Climate Data Homogenization
Why it is important?
Climate data are the records of observed climate conditions taken at specific sites and times with particular instruments under a set of standard procedures. A climate dataset therefore contains climate information at the observation sites, as well as other not-climate-related factors such as the environment of the observation station, and information about the instruments and observation procedures under which the records were taken. An assumption is made that the station records are representative of climate conditions over a region when the data are used in climate analysis. This is, unfortunately, not always the case. For example, if an observing station is moved from a hill top location to the valley floor 300 meters lower in the elevation, analysis of its temperature data will likely show an abrupt warming at the time of the station relocation. This artifical jump would not be representative of temperature change in the region. Also, consider a station located in the garden of a competent and conscientious observer for 50 years, and suppose a tree was planted west of the garden at the time the observation station was established. The instruments are maintained in good condition and the observer accurately records the temperature in the garden. The tree slowly grows up and shades the observing site during the late afternoon when the daily maximum temperature is observed. As a result, the recorded daily maximum temperature would gradually become lower than that over the surrounding area not shaded by the tree. Thus the station would gradually become less representative of the surrounding area. As shown in a real example, where a Canadian station was moved about 100m away from its original site, trend analysis conducted on inhomoheneous data can be very unreliable. It is therefore important to remove the non-climate factors from the data as much as possible, before the climate data can be reliably used for climate change studies.

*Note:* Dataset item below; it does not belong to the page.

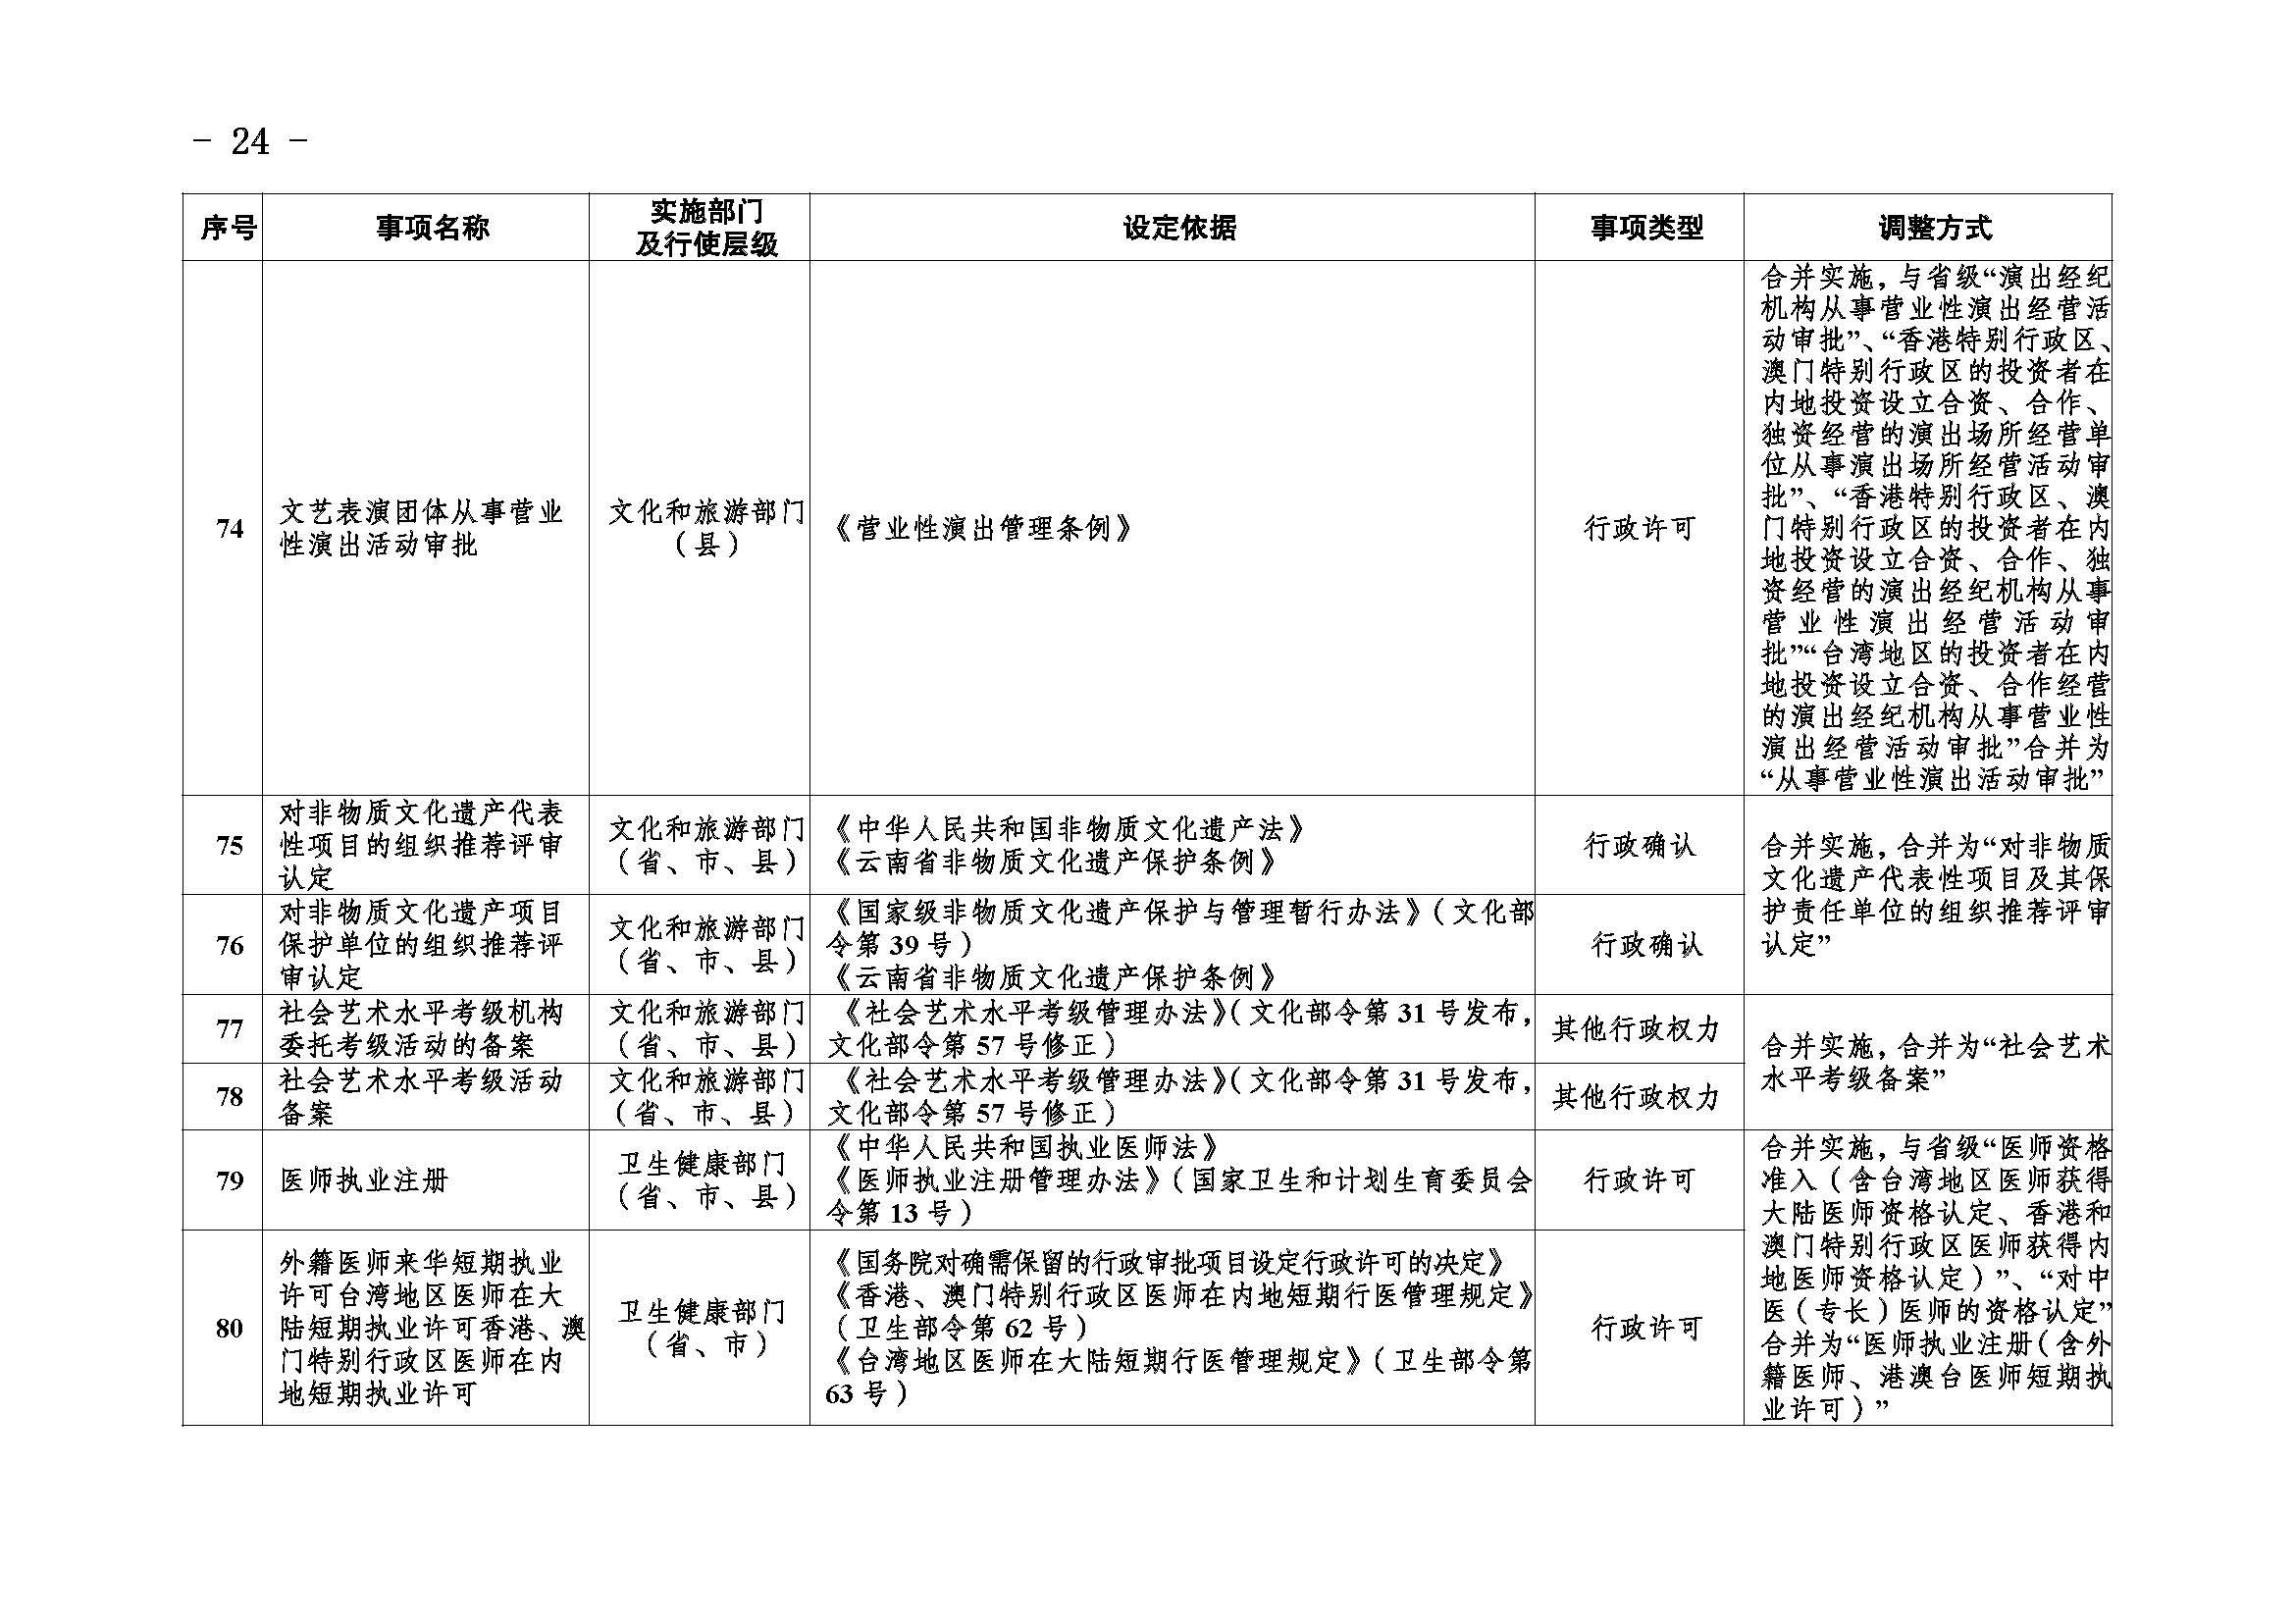 临沧市人民政府办公室关于做好调整370项行政权力事项工作的通知_页面_24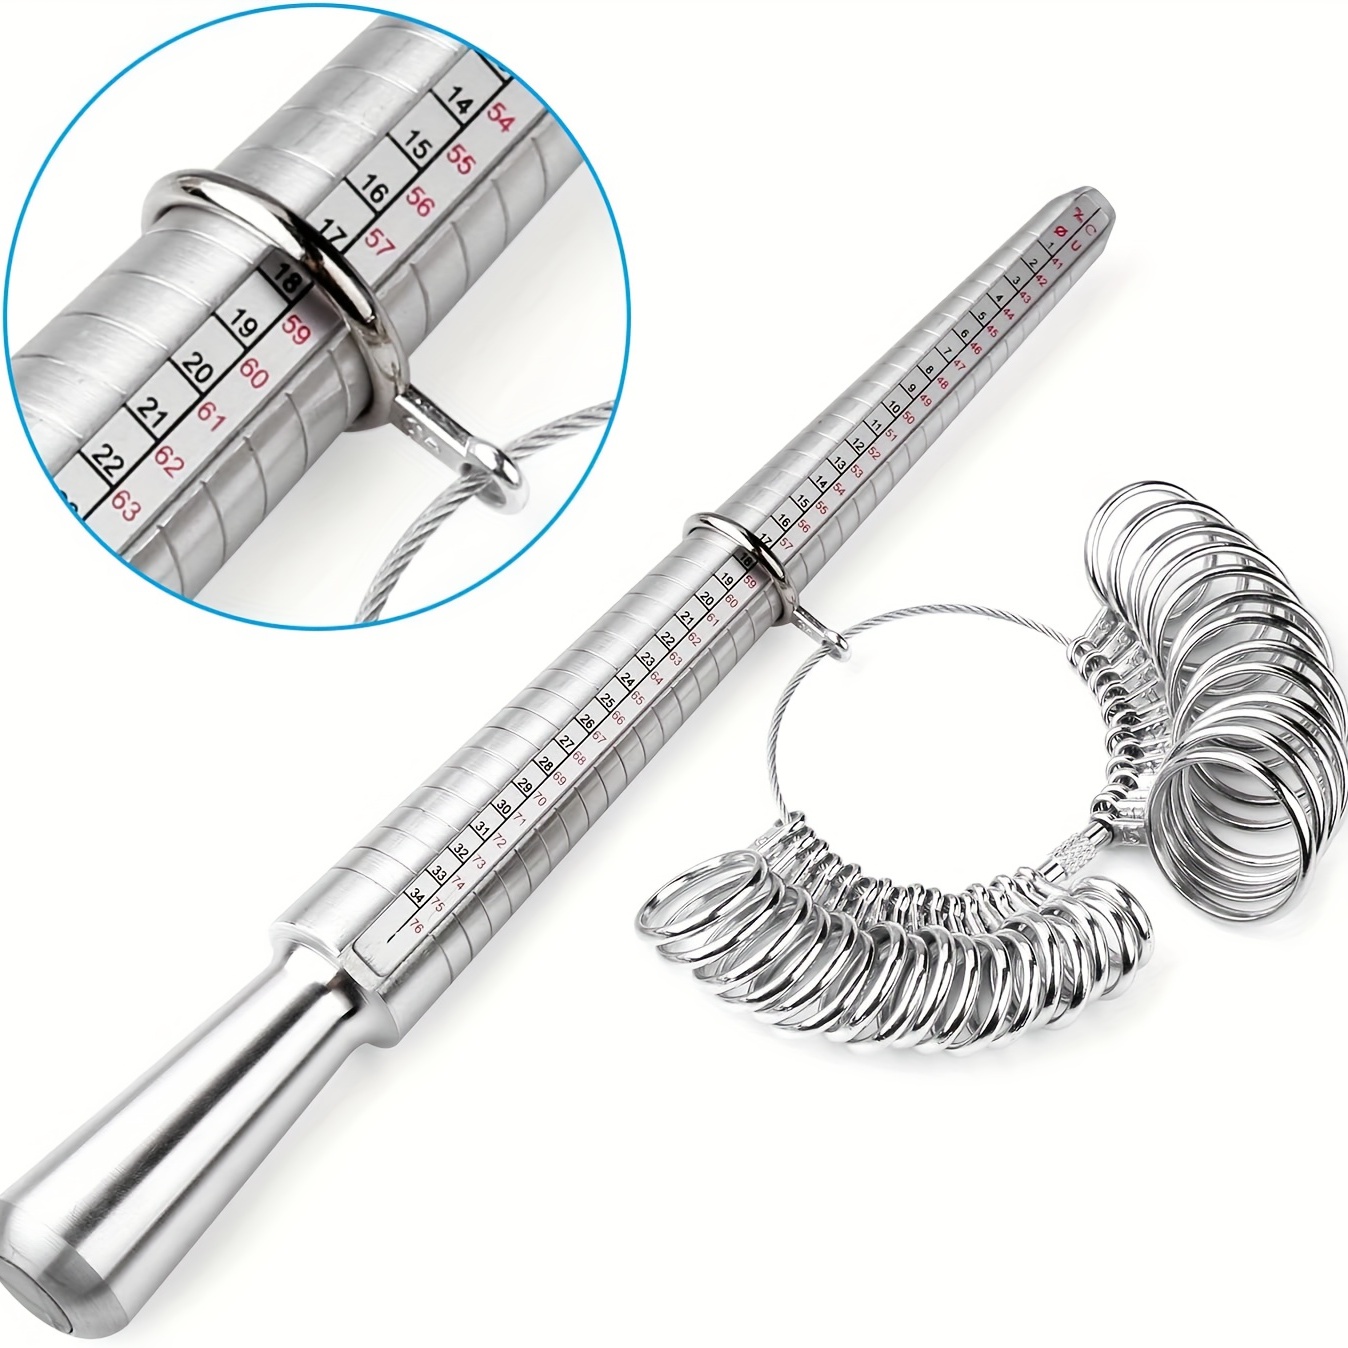 Ring Sizer Measuring Tool Including Ring Mandrel Ring Gauge - Temu

Purpose of Data Homogenization
The aim of climate data homogenization is to adjust observations, if necessary, so that the temporal variations in the adjusted data are caused only by climate processes. This is not an easy task. A great deal of effort has been made to develop methods to identify and remove non-climatic inhomogeneities. An authoritative review can be found in Peterson et al. (1998). The CCl has also developed a set of practical guidelines on how to deal with inhomogeneity problems depending on the circumstances under which inhomogeneity occurs. Most techniques developed so far are suited for data at monthly or longer time scales. A few methods are also developed for use with daily data (e.g. Vincent 2001). An R-based toolkit RHTest, that uses a two-phase regression technique (Wang 2003) for the detection and adjustment of inhomogeneity is available from this site.
References
- Aguilar, E., I. Auer, M. Brunet, T.C. Peterson, and J. Wieringa, ??? Guidance on metadata and homogenization
- Peterson, T.C., Easterling, D.R., Karl, T.R., Groisman, P., Nicholls, N., Plummer, N., Torok, S., Auer, I., Bohm, R., Gullett, D., Vincent, L., Heino, R., Tuomenvirta, H., Mestre, O., Szentimrey, T., Salinger, J., Foland, E.J., Hanssen-Bauer, I., Alexandersson, H., Jones, P. and Parker, D., 1998: Homogeneity adjustments of in situ atmospheric climate data: a review. International Journal of Climatology, 18,1493-1517.
- Vincent, L. A., X. Zhang, B.R. Bonsal, W.D. Hogg, 2002: Homogenization of daily temperatures over Canada. Journal of Climate,15,1322-1334.
- Wang, X.L., 2003: Comments on "Detection of undocumented changepoints: A revision of the two-phase regression model". Journal of Climate,16,3383-3385.